There are a hundreds of places, literally, that are in desperate need and some of them are as close as your own backyard, while some are as far around the world as one could travel. I didn't pick up a globe one day, spin it around, and plant my finger on the first place it stopped. I didn't drop a few countries in a hat and select it bingo style. I've traveled and done mission work in other countries and my love for them is no different than my love for the people of Africa; anymore than my love for any of Gods people is or should be. While I can remember always having a certain intrigue and interest in Africa, the truth is, I didn't choose Africa, Africa choose me, and long before I ever stepped foot on its soil. The politically correct Christian-ese answer might be "I believe God gives us all, individually, particular inclinations towards certain things." And while I absolutely believe that is true, that is not what draws me back time and again to Africa.

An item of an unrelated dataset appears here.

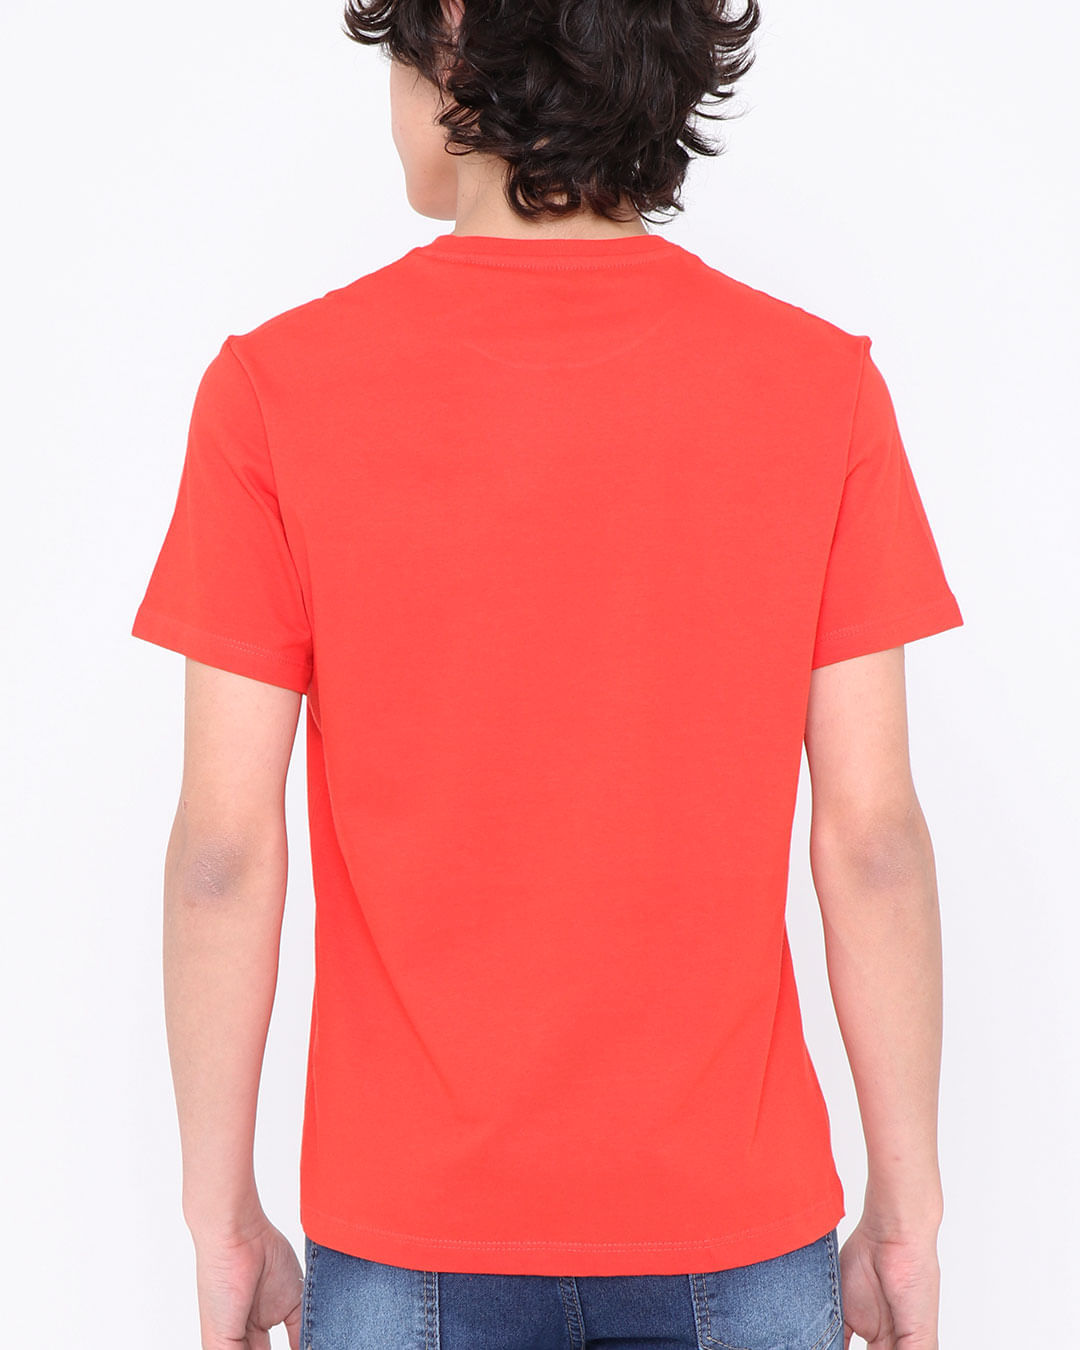 Camiseta-Juvenil-California-Vermelha

The people, the children-I think they they took one look at me, and they knew. They knew I would never be able to shake the red dirt off my feet. They knew that the sound of the African drum would forever resound in my mind. They knew I would look deep into their beautiful charcoal eyes and see beauty, wonder and hope. They knew I would gaze at the smiles of countless orphans and I would see myself. And that when I did, I would never be able to turn my eyes back toward a life that was dead-set on self-fulfilling motives.

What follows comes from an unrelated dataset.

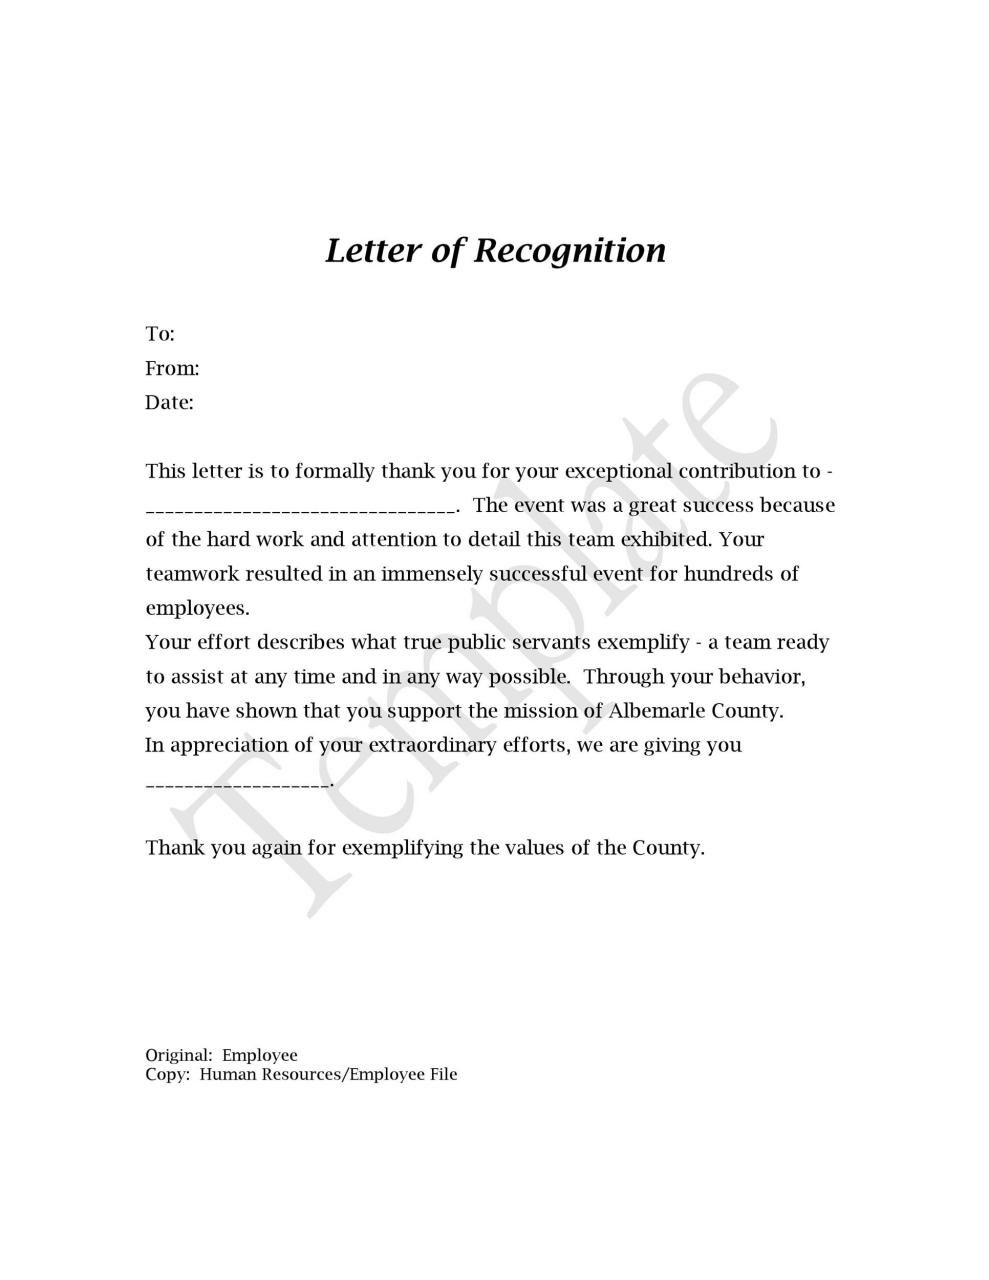 Carta de reconocimiento gratis 01

Even with those realizations, I kept thinking and searching my heart for something a little more deep, tying my heart to Africa. As I continued to toss and turn, it came to me. Despite the amount of suffering and need that I have been witness to, I see a joy that far surpasses anything you can begin to imagine. While in some places they have grave need, absolutely, and no one would deny that, they find contentment in the simplest of things. They do not measure life in terms of what they do or don't have, but rather give thanks for their daily bread. And most often, in their case, it truly is just their daily bread


One of the things I cherish most about the people of Africa is their abundant generosity. A bracelet, a shirt, a meal, their last chicken, they would give it all to you, just to show you honor and thank you for being a part of their lives. Western visitors innately want to refuse gifts, because deep down you know it may be the only possession they own, but you don't, you shouldn't, because it would shatter them. To them, giving isn't a mathematical equation. There's no 10% calculation, no -let me fetch some old clothes, toys or leftovers for you, or let me see what I have left. No, to them, it is the way of their heart. Give first, think second.  They have shown me what it means to truly live sacrificially and that there is nothing on this earth more valuable than serving each other humbly.

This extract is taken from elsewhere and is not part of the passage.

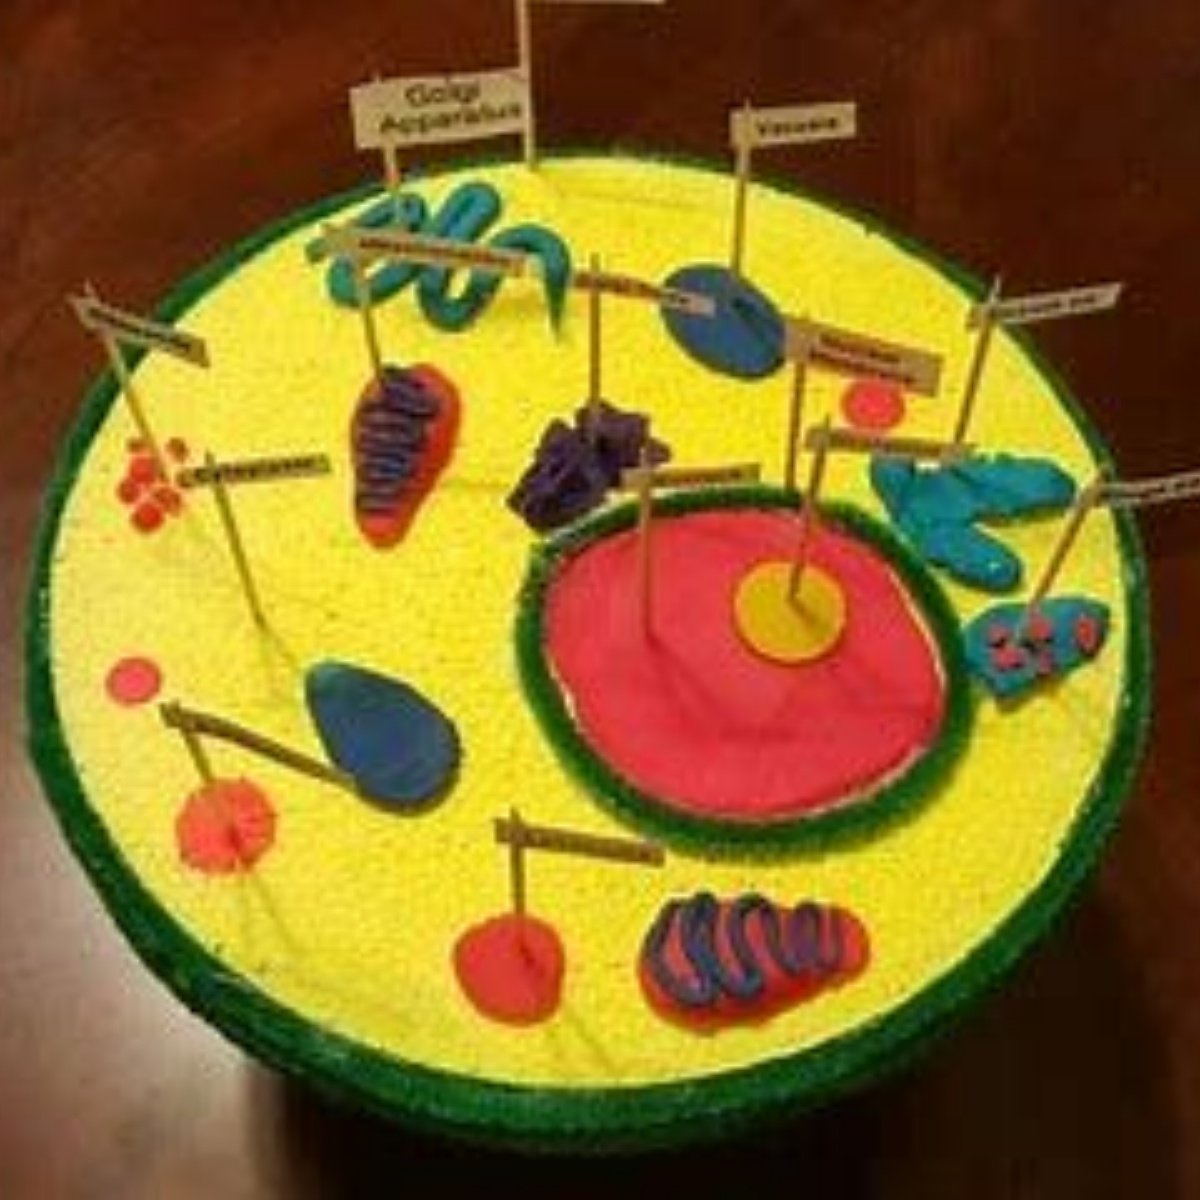 Биология из пластилина. Макет клетки. Поделки для биологии. Модель растительной клетки из пластилина.

More so, I cherish their uncanny ability to face the gravest of circumstances with a smile that could melt the polar ice caps and a hug, that could warm the hardest of hearts. And when they worship God, they REALLY worship God, as if He really is God and not a cosmic magician, or lamp-rubbing genie. Their faith is strong because God truly is all they have to look to, they are not clouded by possessions or distractions. They teach me so much more than I think I could ever teach them, and words cannot do justice to the amount of love and respect I have for them...


No, I didn't choose Africa. Africa choose me.